Re: [PATCH v4 0/4] perf: Support PERF_SAMPLE_READ with inherit_stat

From: Ben Gainey
Date: Tue Apr 02 2024 - 06:18:49 EST


On Wed, 2024-03-27 at 13:34 -0700, Namhyung Kim wrote:
> Hello,
>
> On Mon, Mar 25, 2024 at 3:12 AM Ben Gainey <Ben.Gainey@xxxxxxx>
> wrote:
> >
> > On Fri, 2024-03-22 at 18:22 -0700, Namhyung Kim wrote:
> > > On Fri, Mar 22, 2024 at 9:42 AM Ben Gainey <ben.gainey@xxxxxxx>
> > > wrote:
> > > >
> > > > This change allows events to use PERF_SAMPLE READ with inherit
> > > > so
> > > > long
> > > > as both inherit_stat and PERF_SAMPLE_TID are set.
> > > >
> > > > Currently it is not possible to use PERF_SAMPLE_READ with
> > > > inherit.
> > > > This
> > > > restriction assumes the user is interested in collecting
> > > > aggregate
> > > > statistics as per `perf stat`. It prevents a user from
> > > > collecting
> > > > per-thread samples using counter groups from a multi-threaded
> > > > or
> > > > multi-process application, as with `perf record -e '{....}:S'`.
> > > > Instead
> > > > users must use system-wide mode, or forgo the ability to sample
> > > > counter
> > > > groups. System-wide mode is often problematic as it requires
> > > > specific
> > > > permissions (no CAP_PERFMON / root access), or may lead to
> > > > capture
> > > > of
> > > > significant amounts of extra data from other processes running
> > > > on
> > > > the
> > > > system.
> > > >
> > > > Perf already supports the ability to collect per-thread counts
> > > > with
> > > > `inherit` via the `inherit_stat` flag. This patch changes
> > >
> > > I'm not sure about this part. IIUC inherit and inherit_stat is
> > > not
> > > for
> > > per-thread counts, it only supports per-process (including
> > > children)
> > > events.
> >
> > Hi Namhyung
> >
> > Thanks for the comments...
> >
> > I don't think this is correct, if you compare the behaviour of
> >
> > perf record --no-inherit ... <some-forking-processes>
> > perf script -F pid,tid | sort -u
> > and
> > perf record --no-inherit ... <some-multithreaded-processes>
> > perf script -F pid,tid | sort -u
> >
> > vs
> >
> > perf record ... <some-forking-processes>
> > perf script -F pid,tid | sort -u
> > and
> > perf record .. <some-multithreaded-processes>
> > perf script -F pid,tid | sort -u
> >
> > The behaviour is consistent with the fact that no-inherit only
> > records
> > the primary thread of the primary process, whereas in the inherit
> > case
> > any child tasks (either threads or forked processes) is recorded.
>
> Right, I was talking about the counting behavior not sampling
> as inherit_stat is only for the counting.

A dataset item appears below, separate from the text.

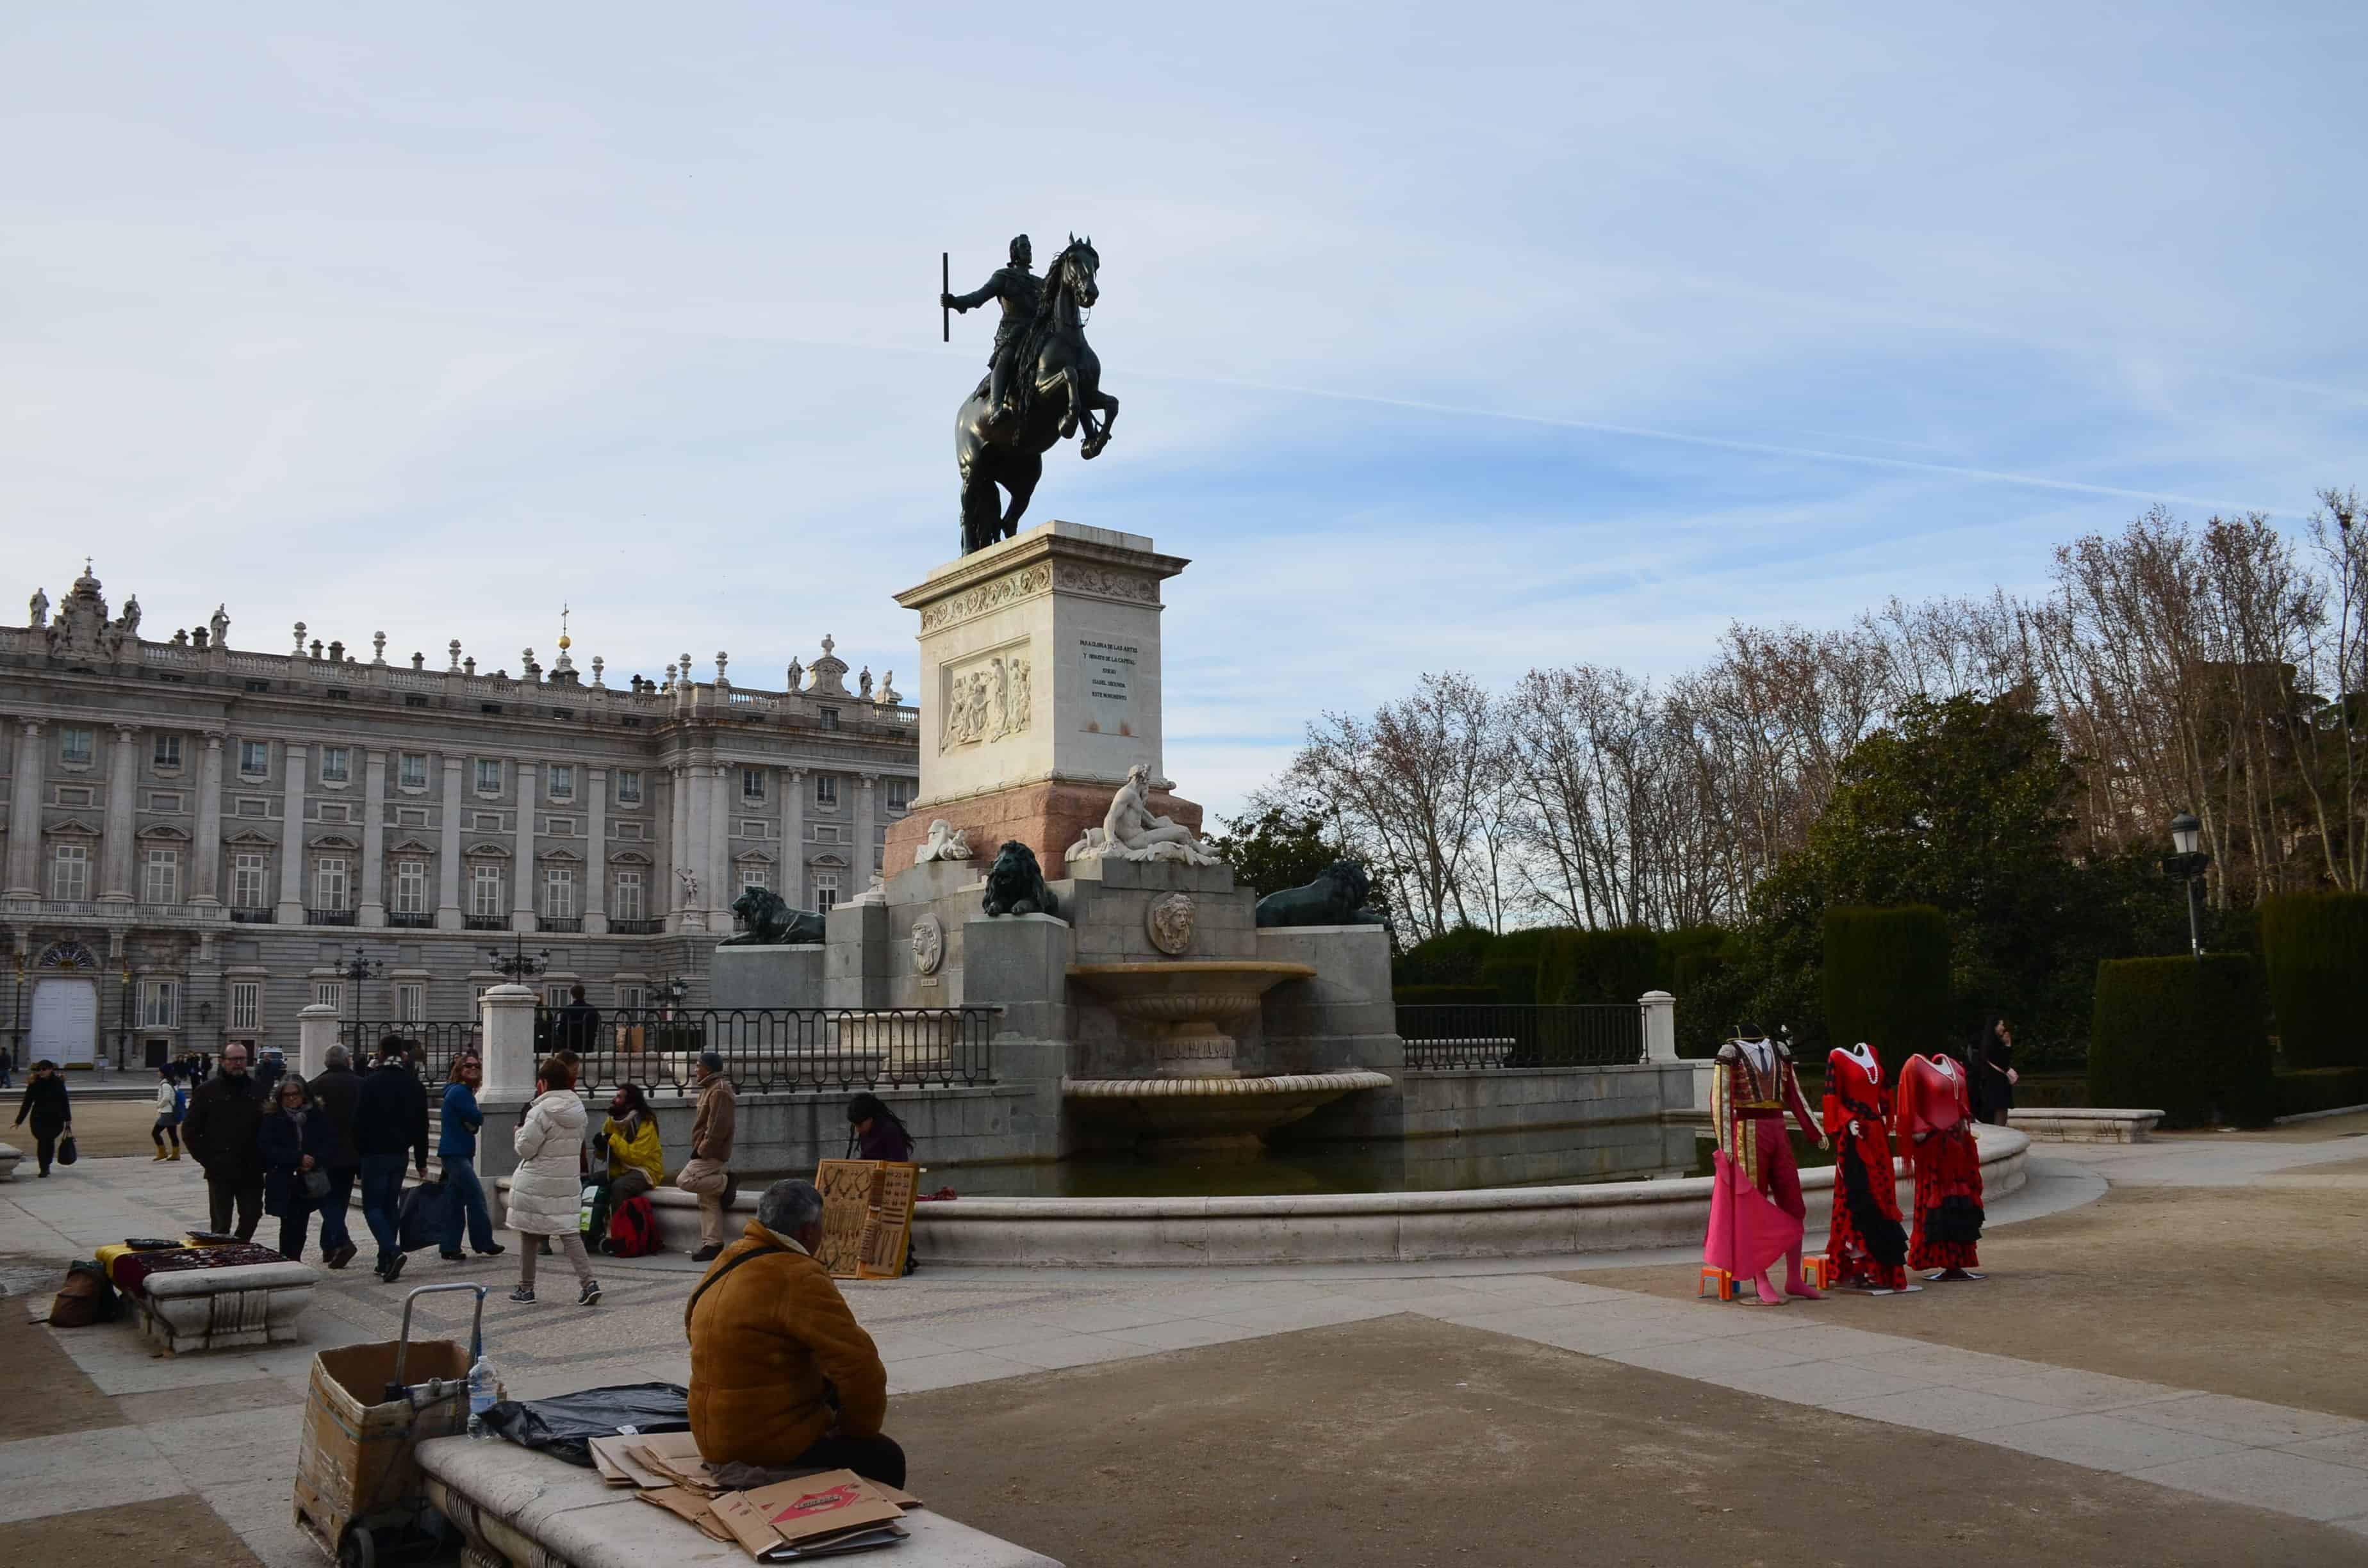 Monument to Felipe IV at Plaza de Oriente in Madrid, Spain

I think it'd return an
> error
> if event attr has both sample_freq and inherit_stat.
>
>
> > >
> > >
> > > > `perf_event_alloc` relaxing the restriction to combine
> > > > `inherit`
> > > > with
> > > > `PERF_SAMPLE_READ` so that the combination will be allowed so
> > > > long
> > > > as
> > > > `inherit_stat` and `PERF_SAMPLE_TID` are enabled.
> > >
> > > Anyway, does it really need 'inherit_stat'? I think it's only
> > > for
> > > counting use cases (e.g. 'perf stat') not for sampling.
> >
> >
> > I would be very happy to remove the inherit_stat requirement. When
> > I
> > first came to this it seemed like the logic was all there in
> > inherit_stat already, but now that I have to take a different path
> > in
> > `perf_event_context_sched_out` I suspect it should be trivial to
> > remove
> > the inherit_stat requirement.
>
> ok.

>
> > >
> > > Also technically, it can have PERF_SAMPLE_STREAM_ID instead
> > > of PERF_SAMPLE_TID to distinguish the counter values.
> >
> >
> > It looks like you are correct, but the ID given in the read_format
> > part
> > of PERF_SAMPLE_RECORD is the ID rather than STREAM_ID. (I had
> > incorrectly thought/stated it was the latter). Hence when
> > processing
> > the read_format values in the sample record, we either need to use
> > the
> > TID to uniquely identify the source, or we would need to modify the
> > read_format to (additionally) include the STREAM_ID.
> >
> > * The current approach in tools uses the ID+TID, which puts more
> > complexity in the tools but means there isn't an extra field in the
> > read_format data (for each value).
> > * Alternatively I could introduce a PERF_FORMAT_STREAM_ID; I would
> > expect that the user/tool would need to specify
> > PERF_FORMAT_ID|PERF_FORMAT_STREAM_ID as they would need to use the
> > ID
> > to lookup the correct perf_event_attr, but could use the STREAM_ID
> > to
> > uniquely identify the child event. This approach would add an extra
> > u64
> > per value in the read_format data but is possibly simpler/safer for
> > tools?
> >
> > Any preferences?
>
> I think it's better to use TID + ID. IIUC there's no way to track
> STREAM_ID for new children other than getting it from sample.
> As sample has TID already it'd be meaningless using STREAM_ID
> to distinguish events.


So i did implement a prototype version of this where:

PERF_FORMAT_STREAM_ID is added, and `perf record` is modified to
request that in addition to PERF_FORMAT_ID.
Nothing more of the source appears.